■ Dataset content:
..........
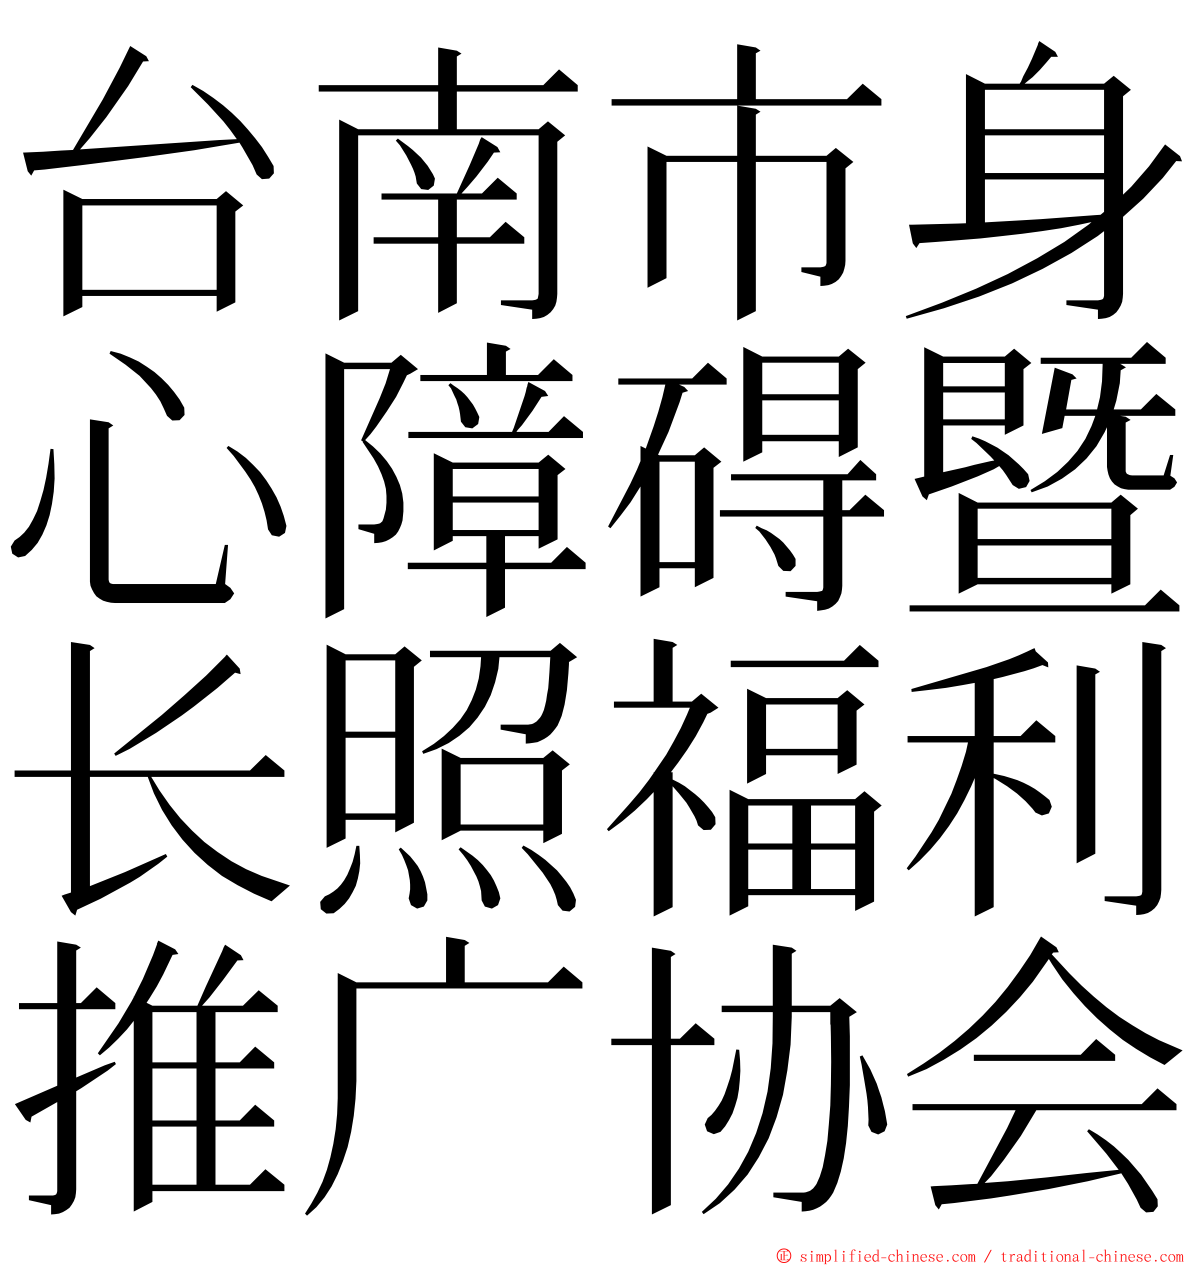 台南市身心障碍暨长照福利推广协会 ming font
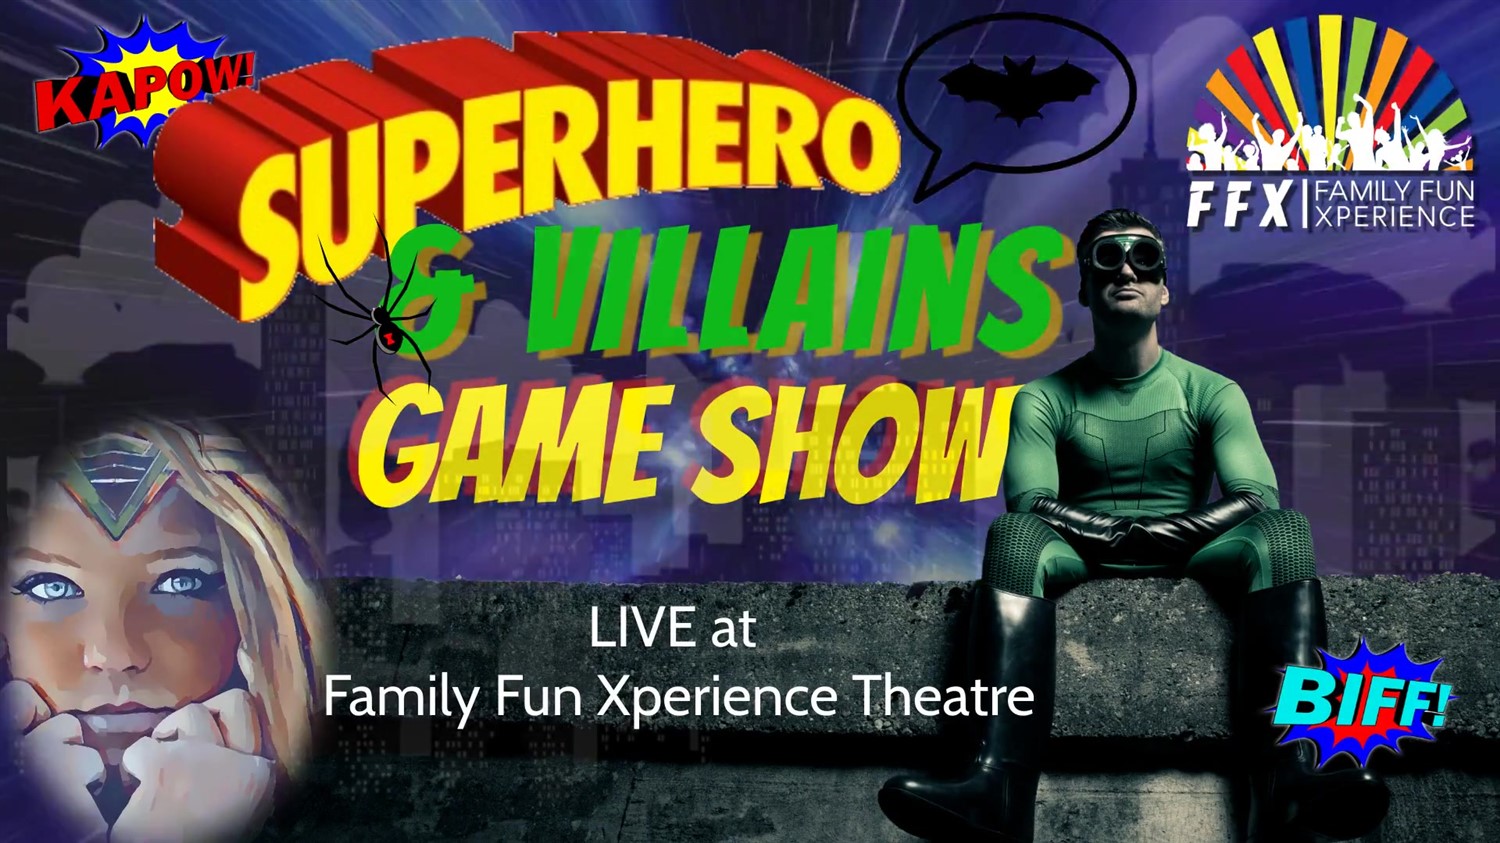 Superheroes & Villains: LIVE GAME SHOW!  on mars 01, 19:00@FFX Theatre - Achetez des billets et obtenez des informations surFamily Fun Xperience tickets.ffxshow.org
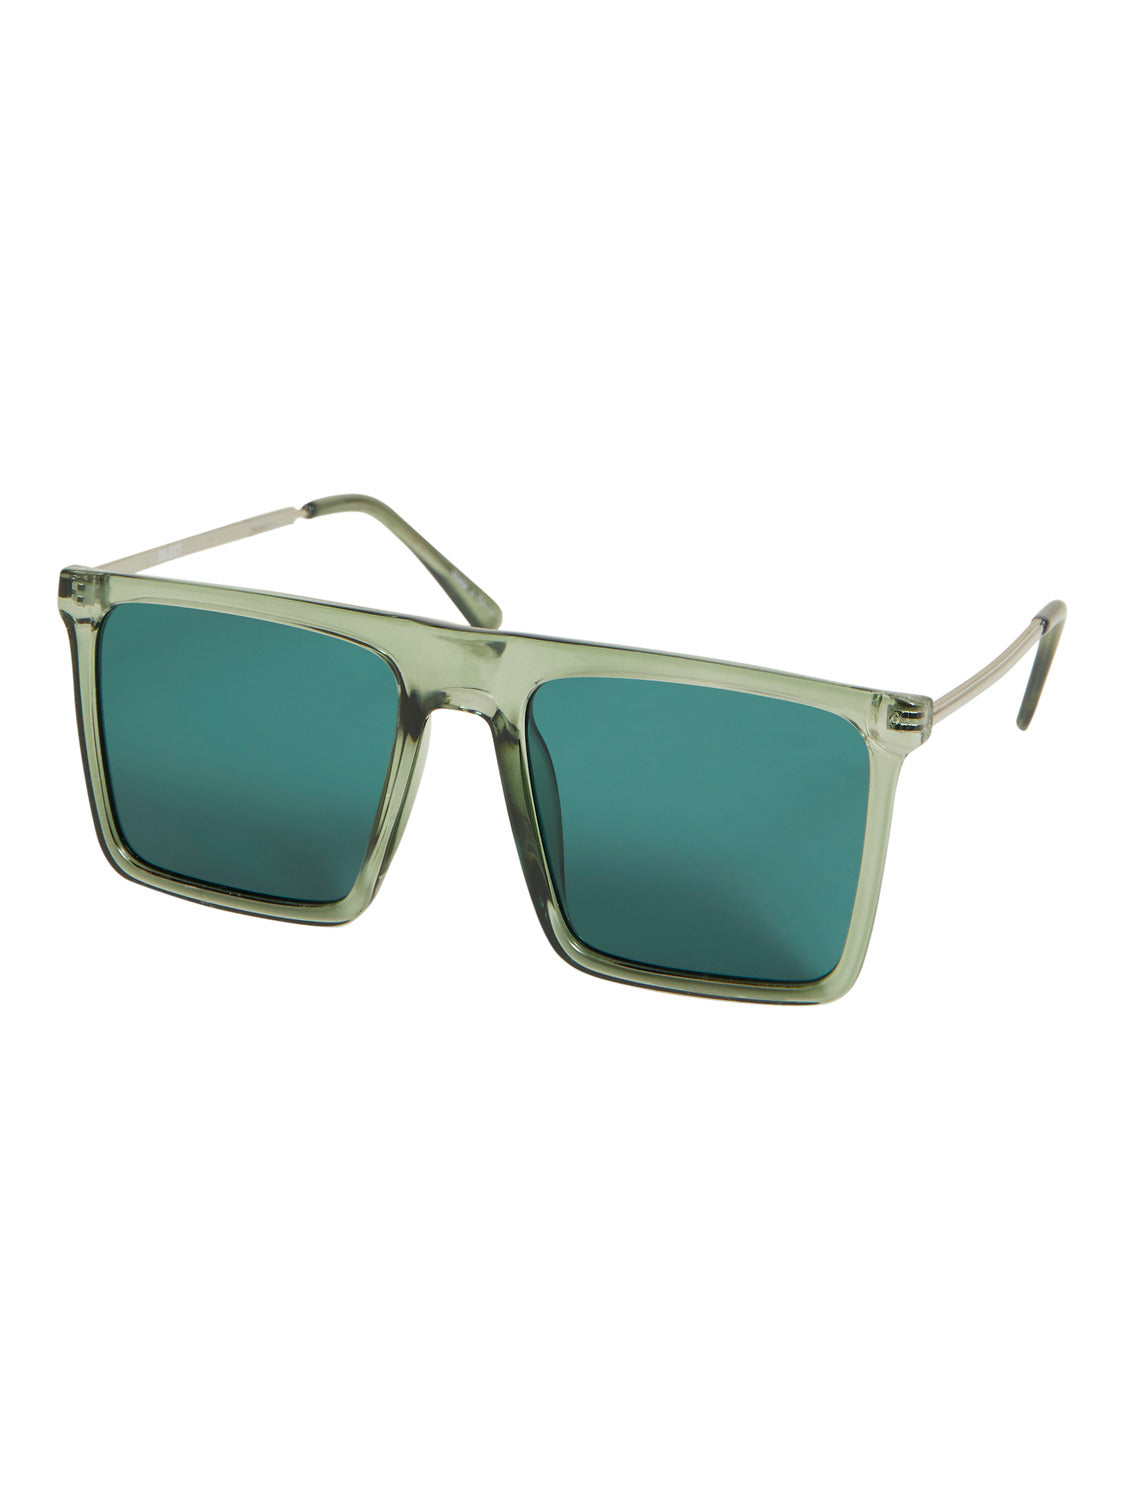 OBJELLIE Sunglasses - Artichoke Green – Brande
..........
■ Work item: Give back all the material exactly, with no pictures.

■ Answer box:
 台南市身心障碍暨长照福利推广协会 ming font
 Superheroes & Villains: LIVE GAME SHOW!  on mars 01, 19:00@FFX Theatre - Achetez des billets et obtenez des informations surFamily Fun Xperience tickets.ffxshow.org
 OBJELLIE Sunglasses - Artichoke Green – Brande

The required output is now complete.